Il n’est pas sûr que le plan de relance de l’administration américaine suffise à provoquer la reprise rapide que certains attendent. Sur les 2000 milliards de dollars annoncés par l’administration Trump, seule environ la moitié consiste en une aide directe aux agents économiques (290 milliards de versements aux ménages, 290 milliards de dollars de baisse d’impôts et 260 milliards de dollars pour augmenter les allocations chômage). Une grande part est constituée de prêts pour traverser la crise (532 milliards de prêts aux grandes entreprises et 377 milliards de prêts aux petites entreprises). Ceci n’empêchera pas une récession et ne garantit pas une reprise rapide dans un contexte où les entreprises conserveront un comportement d’investissement et d’embauche prudent. 

Le marchés des actions, avec un indice S&P 500 aux niveaux de début 2019, n’intègre peut-être pas complètement ce scénario économique.  Il faut par ailleurs ajouter que le moteur des rachats d’actions va être au point mort pour un certain temps, à la fois du fait de l’initiative des entreprises et de la pression des pouvoirs publics. Quant aux versements des dividendes, la banque d’investissement Jefferies estime qu’une soixantaine de grandes entreprises américaines pourrait couper leur dividendes.

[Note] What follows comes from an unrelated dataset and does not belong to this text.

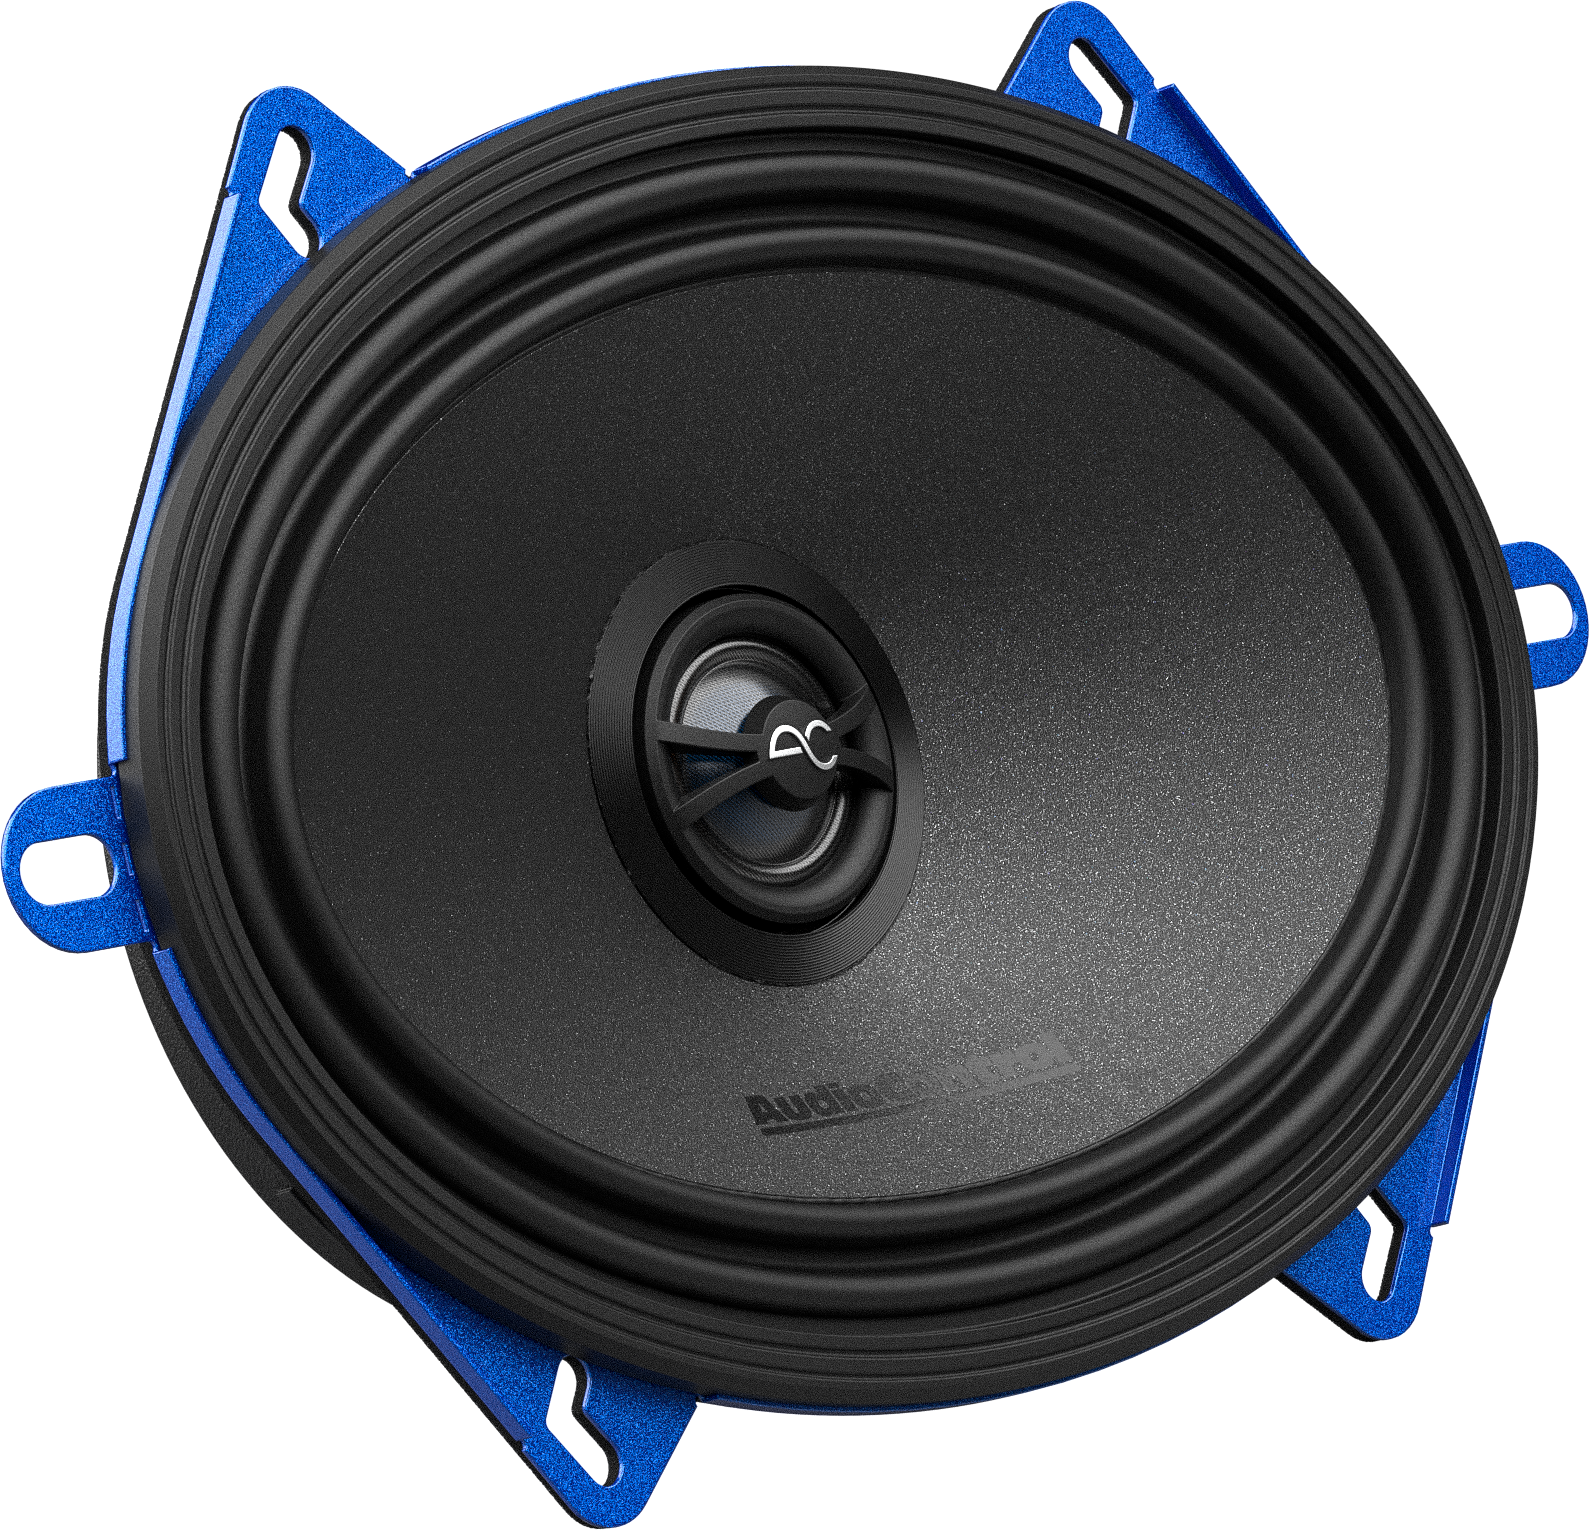 Stinger Off-Road Audio Control PNW Series 5x7" 75 Watt (RMS) High-Fidelity Coaxial Speakers

Le mouvement est d’ailleurs également en marche de ce côté-ci de l’Atlantique avec en France de nombreuses entreprises qui ont annoncé qu’elle allait supprimer ou réduire le dividende 2019 : Engie, Dassault Aviation, M6, Coface, Veolia, Michelin, Société Générale, Natixis, ADP, Nexans, Airbus, Safran, JC Decaux, Altice, CNP, Auchan.

3) Confirmation de la forte dégradation de la situation européenne

En Europe, l’indice PMI manufacturier a été confirmé à 44.5 contre 49.2 le mois précédent et l’indice PMI des services s’est établi à 28.4 contre 52.6 le mois précédent.

Achevé de rédiger le 2 avril par Florent Delorme, Macro stratégiste
Source : Bloomberg pour toutes les données à l’exception des données sur le commerce de détail aux USA qui proviennent du Financial Times.